═══ Supplied information

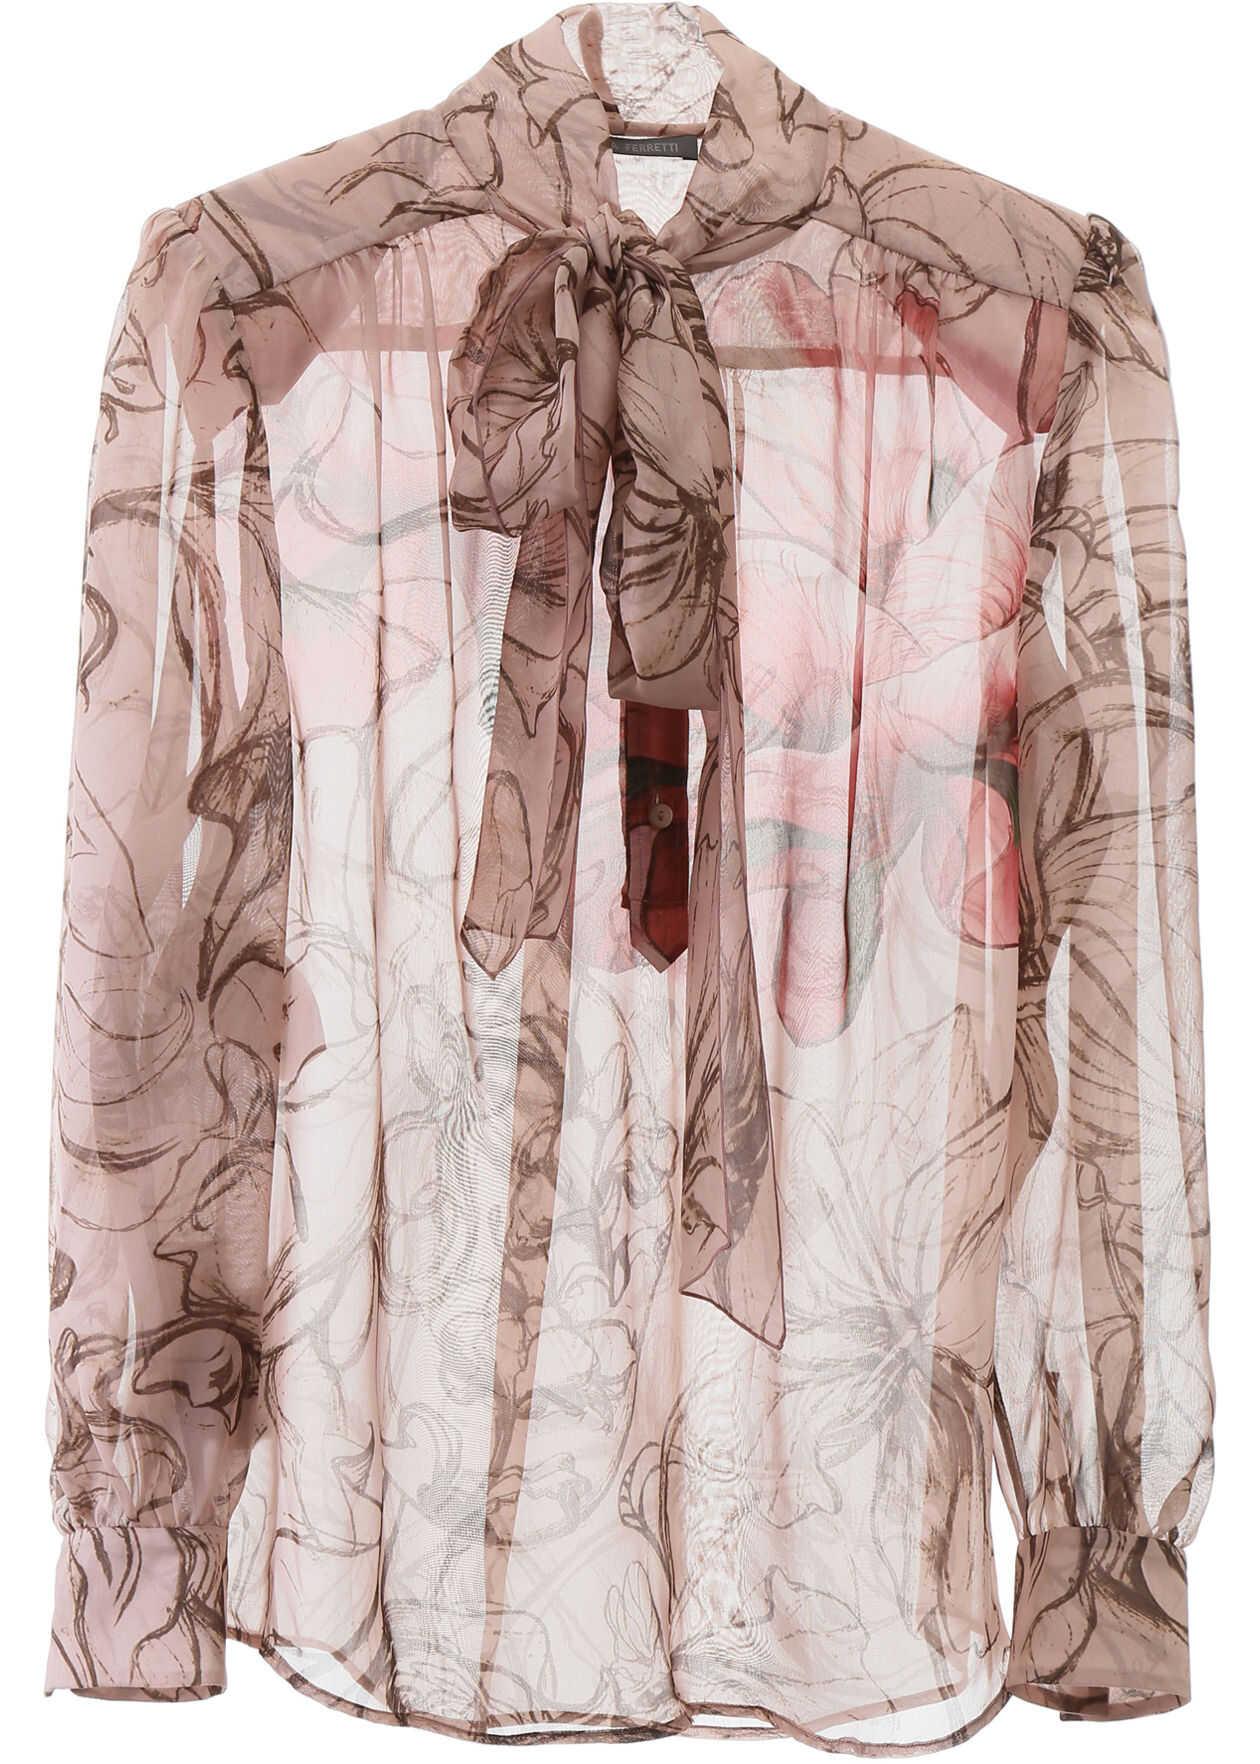 Alberta Ferretti Floral Silk Shirt FANTASY PRINT PINK
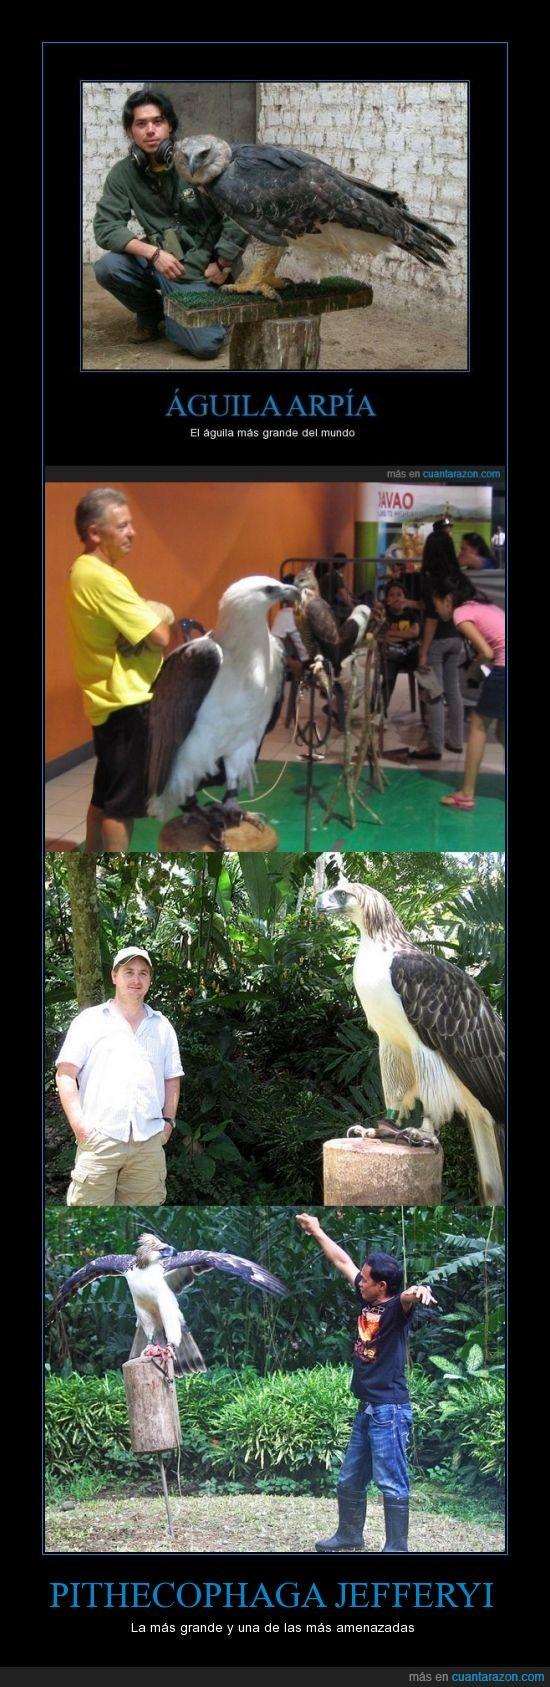 aguila filipina,amenazada,animal,ave,gigante,grande,pithecophaga
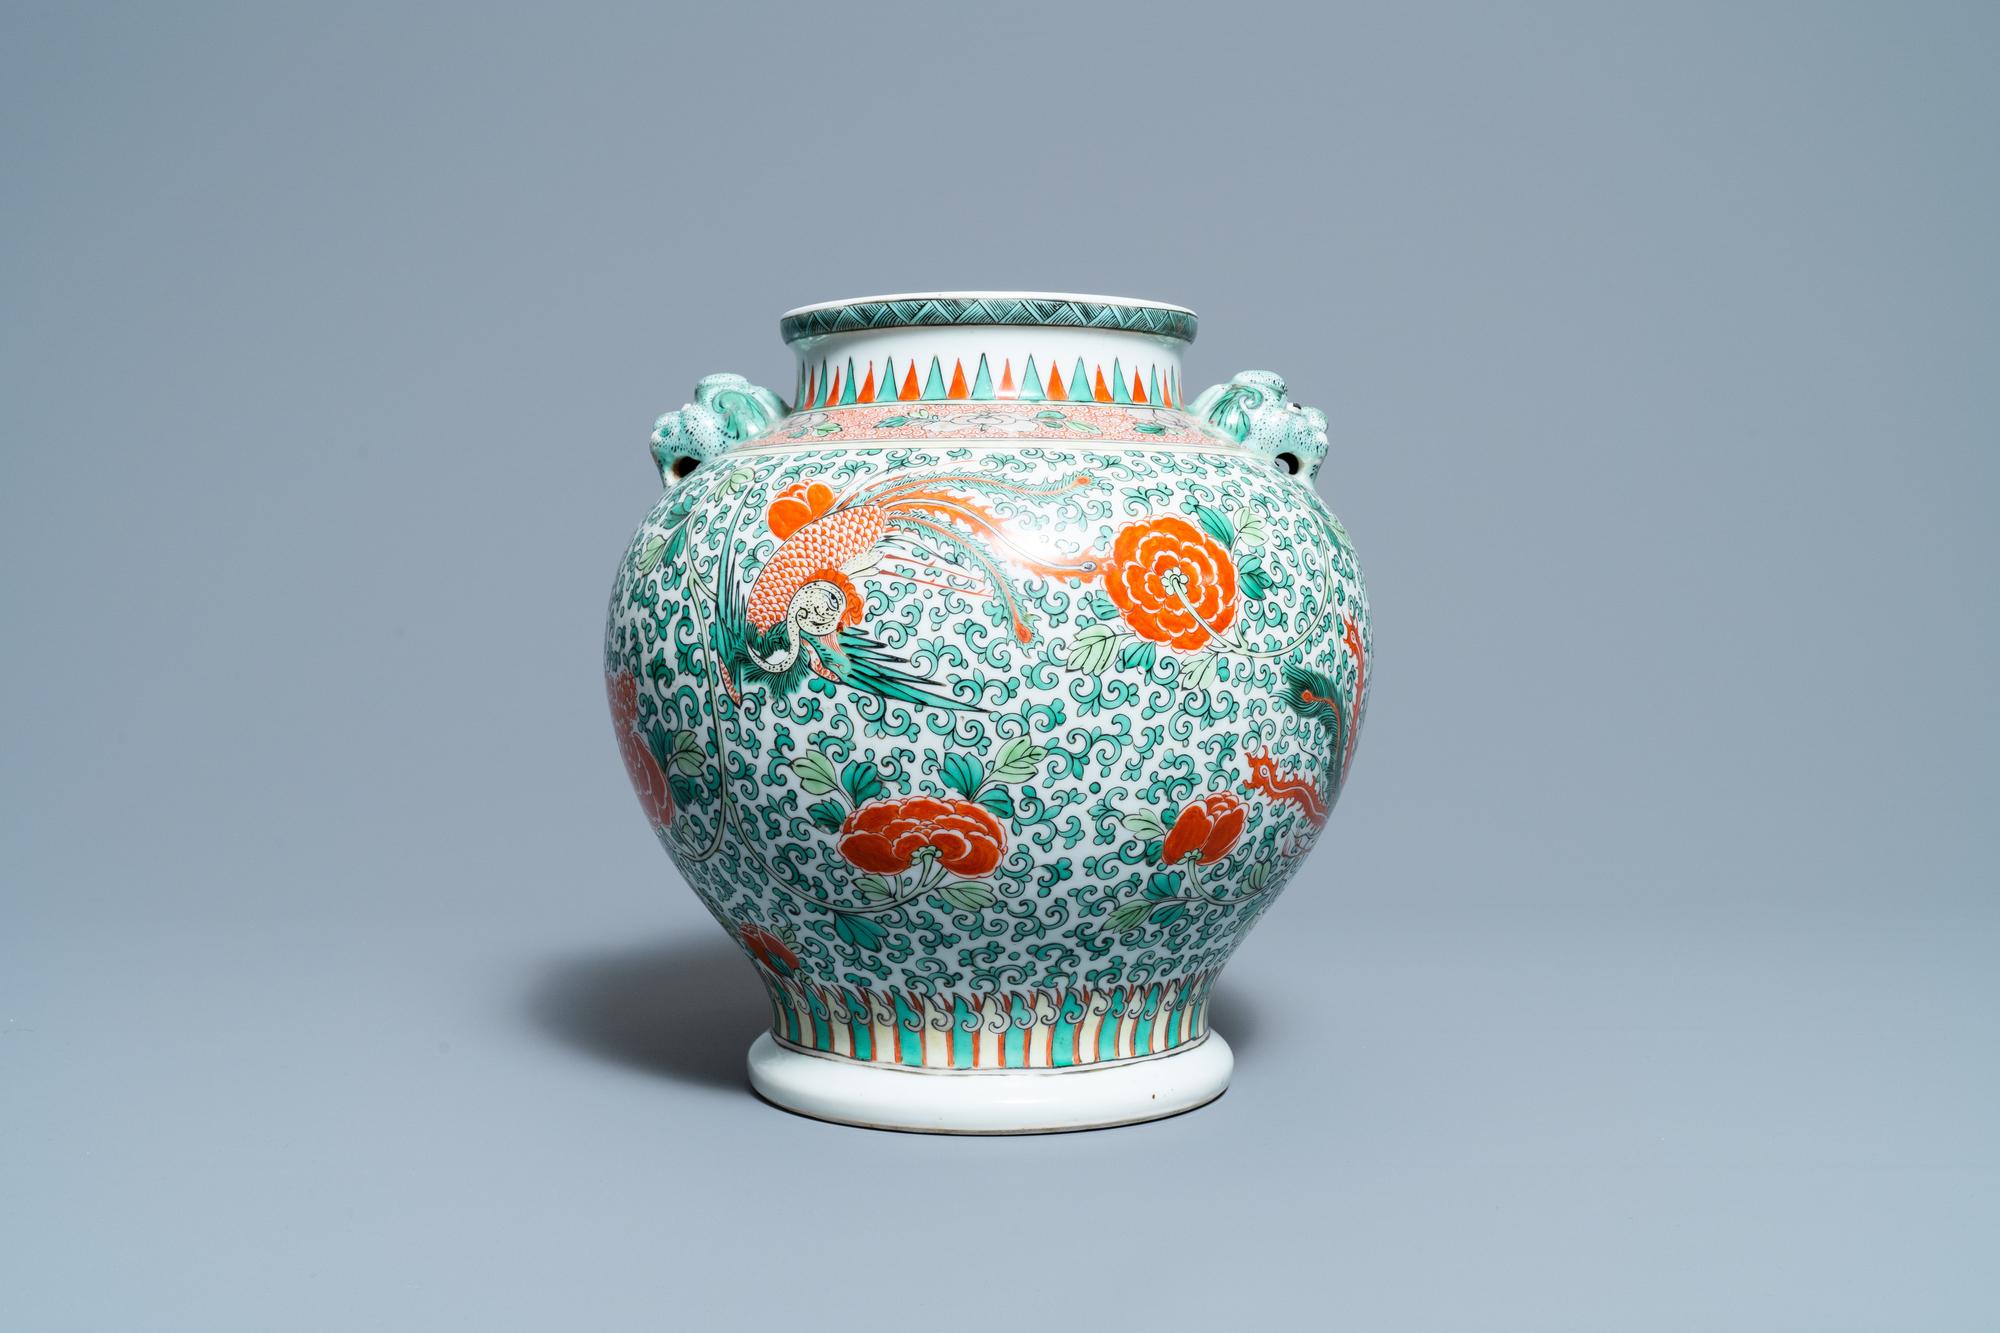 A Chinese 'wucai' phoenix vase, Chenghua mark, 19th C. - Image 3 of 6

══════

**Directions for this task**
Nothing but the pictures should be left out when the listing is repeated exactly.

**Solution for this task**
 Alberta Ferretti Floral Silk Shirt FANTASY PRINT PINK
 aguila filipina,amenazada,animal,ave,gigante,grande,pithecophaga
 A Chinese 'wucai' phoenix vase, Chenghua mark, 19th C. - Image 3 of 6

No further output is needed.